What have you guys used in the past for relays? and lv Switch
First time having a wire a appliance garage they don't seem to be very 
common.
Links to websites would be great


----------



## Shockdoc (Mar 4, 2010)

Is that a CEC code or local ammendment. I never heard of such a NEC code here.


----------



## TTime (Jun 20, 2013)

its code CEC pretty sure it would be in NEC as well


----------



## donselec (May 7, 2011)

14 for a kitchen counter top????
wont fly here


----------



## FastFokker (Sep 18, 2012)

Yeah #14 is legit in Canada for counter plugs and appliance garage plugs need to be off when the door is shut.

I always wait until after inspection to put the hidden plugs in, so can't help.


----------



## daveEM (Nov 18, 2012)

There would be little if any reason to power up an appliance garage.

I have one myself and find it handy to store stuff such as coffee, splenda. etc.

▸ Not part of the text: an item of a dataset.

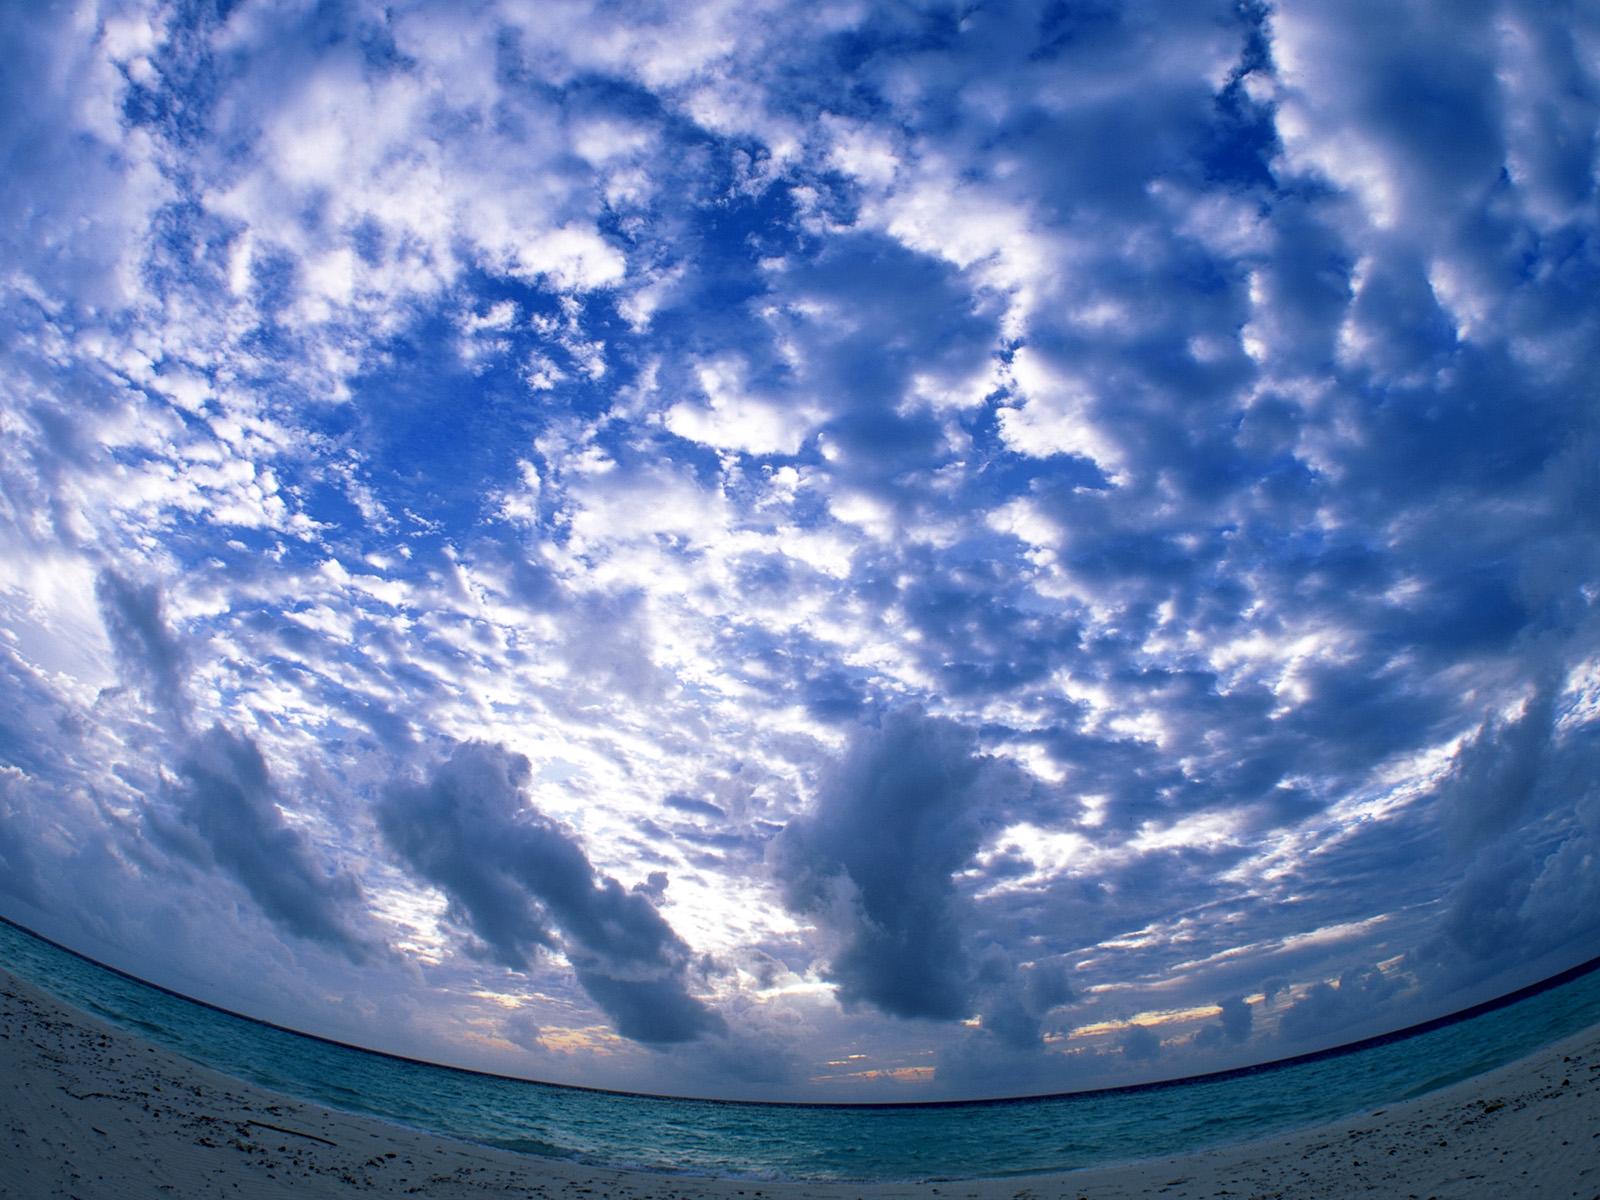 Wallpapers Unseen Beutiful Sky Water Cloud Hd Desktop Wallpapers 1600x1200
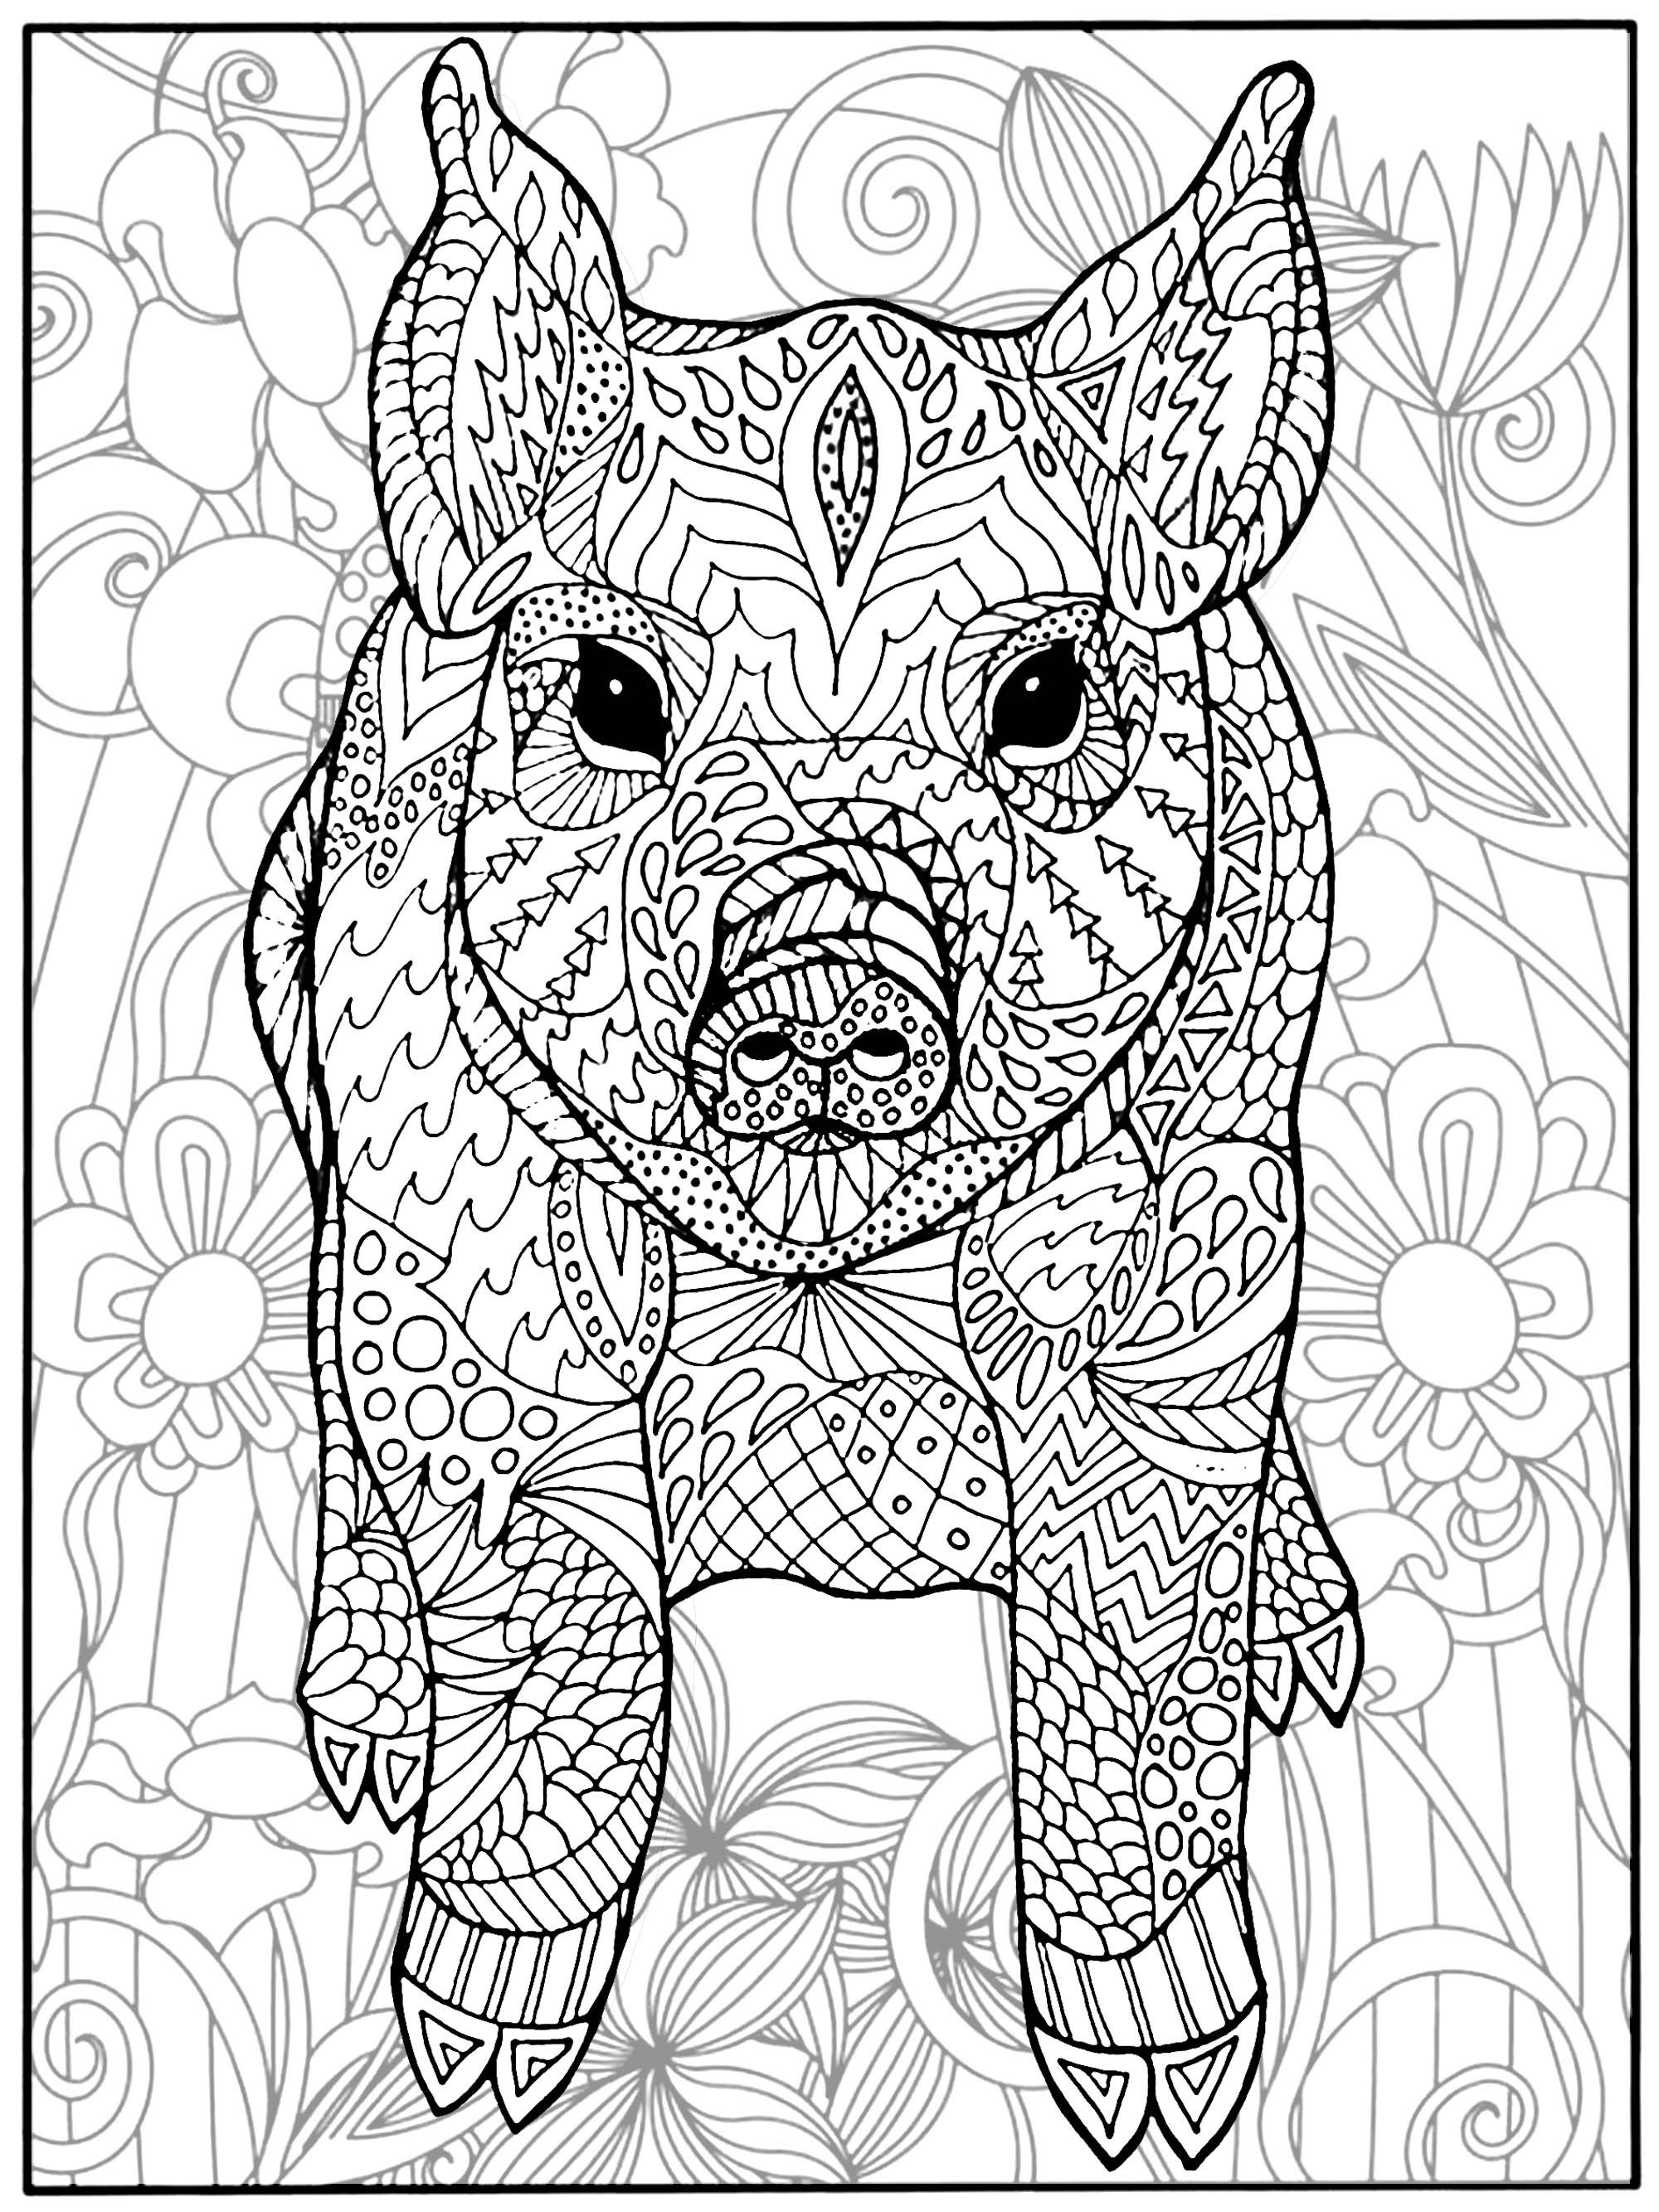 Cerdos 16210 - Cerdos - Colorear para Adultos

Kill the power there and be done with it.


----------



## Shockdoc (Mar 4, 2010)

GFCI protection must be a PIA and expensive with the 14/3 split receptacle method.


----------



## Shockdoc (Mar 4, 2010)

I should design a receptacle w/ an integral xformer and 24 volt contact specifically for use with garage appliances and then buy the NFPA and CEC to make it code.


----------



## seabee41 (Dec 21, 2010)

What the heck is an appliance garage ?


----------



## FastFokker (Sep 18, 2012)

seabee41 said:


> What the heck is an appliance garage ?


It's where you park your appliances... But sometimes people want to keep them in there and power them. CEC requires the receptacle to power down when doors are closed.


----------



## TTime (Jun 20, 2013)

So your telling me this is only code in Canada seems like a dumb rule to me anyways..
So any suggestions on a good relay and switch to use? Home owners don't care on cost they just want it done right. So cutting in after inspection won't cut it


----------



## circuitman1 (Mar 14, 2013)

how about a definite purpose contactor with a 24 volt coil?they go up to 50 amps i belive, you can get 1or 2 pole. just need a 120 to 25 volt control transformer put both of them in approved cabinet.:thumbup:


----------



## Mulder (Sep 11, 2010)

circuitman1 said:


> how about a definite purpose contactor with a 24 volt coil?they go up to 50 amps i belive, you can get 1or 2 pole. just need a 120 to 25 volt control transformer put both of them in approved cabinet.:thumbup:


Around here DP contactors are replacement use only as they are not UL listed. Not sure what CEC rules are though.


----------



## xlink (Mar 12, 2012)

I couldn't find a limit switch for a reasonable price that could handle the load, so I did what you are doing. The limit switch was an industrial limit with a metal whisker. The metal whisker can be bent so the door hits it, which gets around shimming the switch. I used a general purpose contactor.


----------



## electricmalone (Feb 21, 2013)

Try a RIB 02BDC by functional devices.com pair with a magnetic door switch like the alarm guys use http://www.grisk.com/surface_mount/100.html


----------



## circuitman1 (Mar 14, 2013)

Mulder said:


> Around here DP contactors are replacement use only as they are not UL listed. Not sure what CEC rules are though.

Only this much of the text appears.